Only another member of the profession might note the irregularity, and then only by looking deeply into her dark brown eyes. There could be seen the hint of an internal bleakness and an instinctive, perpetual wariness of the world around her-the mark of one who had been both the hunter and the hunted.
Today she hunted, or at least stalked.
Randi had chosen her table in the cafe with care, her position giving her an uninterrupted band of vision that cut across the hotel’s lobby between the elevator bank and the main entrance. She sca
Intermittently she would glance at her wristwatch as if counting down time to some appointment.
She had no such appointment. But someone else might. The previous evening she’d committed the Beijing traffic schedules for Air Koryo, the North Korean national airline, to memory, and she was moving into a potentially hot time frame.
Randi had been covering the lobby for almost two hours now. If nothing happened within the next fifteen or twenty minutes, another member of the CIA cell assigned to the hotel would take over the surveillance, and Randi would disengage before her lingering became a cause for suspicion. She would spend the rest of the day doing suitable junior executive busywork around the Chinese capital, all of it essentially as meaningless as the report she was reading.
But she had the duty now, and she caught the passage of the two men through the lobby.

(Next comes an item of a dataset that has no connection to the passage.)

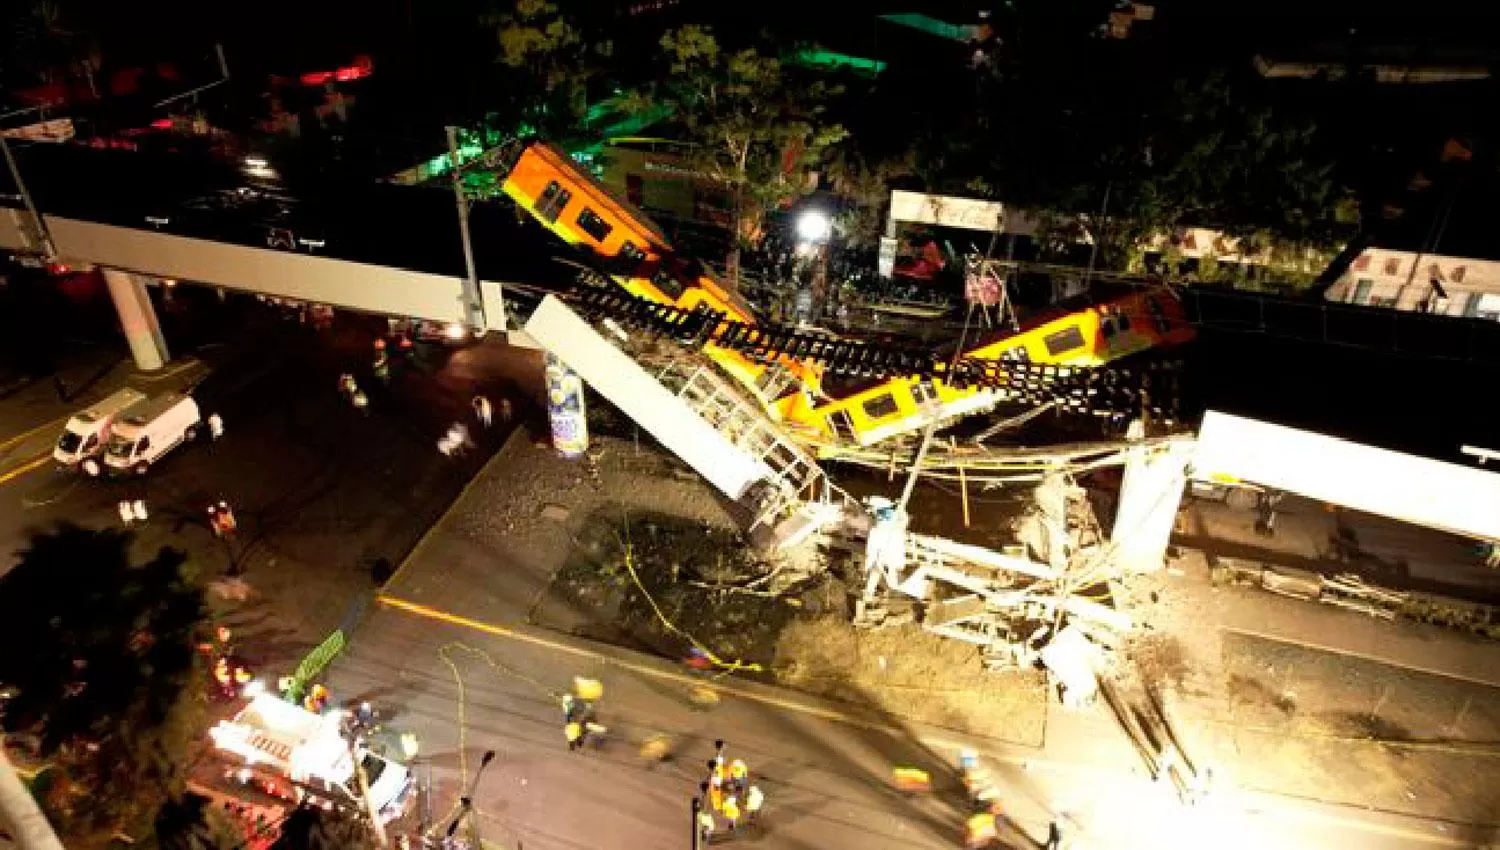 Cancillería envió condolencias a familiares de las víctimas por el accidente ferroviario en México

The smaller, slighter, and more nervous of the pair was dressed in blue jeans and a crisp khaki-colored nylon windcheater, and he carried a battered computer case as if it was a precious thing.
The second man, taller, burlier, and older, wore a poorly cut black business suit and an air of guarded grimness. A person familiar with Asian ethnology might have been able to identify them both as Korean. Randi Russell knew them to be so. The man in the suit was an agent of the North Korean People’s Security Force. The man in the windcheater was Franklin Sun Chok, a third-generation Korean American, a graduate of the University of California at Berkeley, an employee of the Lawrence Livermore Laboratories, and a traitor.
He was why she and an entire task force of CIA operatives had been positioned across the width of the Pacific: to oversee his act of treason and, if necessary, to assist him in carrying it out.
Unhurriedly Randi closed her file and tucked it into her shoulder bag. Removing a pen, she ticked her room number onto the bill on the table. Rising, she crossed into the lobby and dropped onto the trail of the two men.
Outside, the hotel’s taxi marshal was feeding a line of guests into the swarm of cabs clumping up on a smog- and car-clogged Dong Chang an Jie Street.
Sun Chok got into the cab first, moving quickly. The North Korean security agent paused before following, sweeping a last jet-eyed stare around the hotel entrance. Randi felt that cold gaze brush past her.
She kept her own eyes averted until the Korean’s cab pulled away. Given the timing of their movement, Randi knew where they must be bound. She wasn’t unduly concerned about maintaining continuous contact. A minute or so later, using a hesitant Chinese several grades below her actual grasp of the language, she instructed the driver of her own cab to take her to Beijing’s Capital Airport.
As the little Volkswagen sedan struggled through the hysterical traffic of Beijing’s Forbidden City district, Randi flipped open her tri-band cellular phone, hitting a preset number.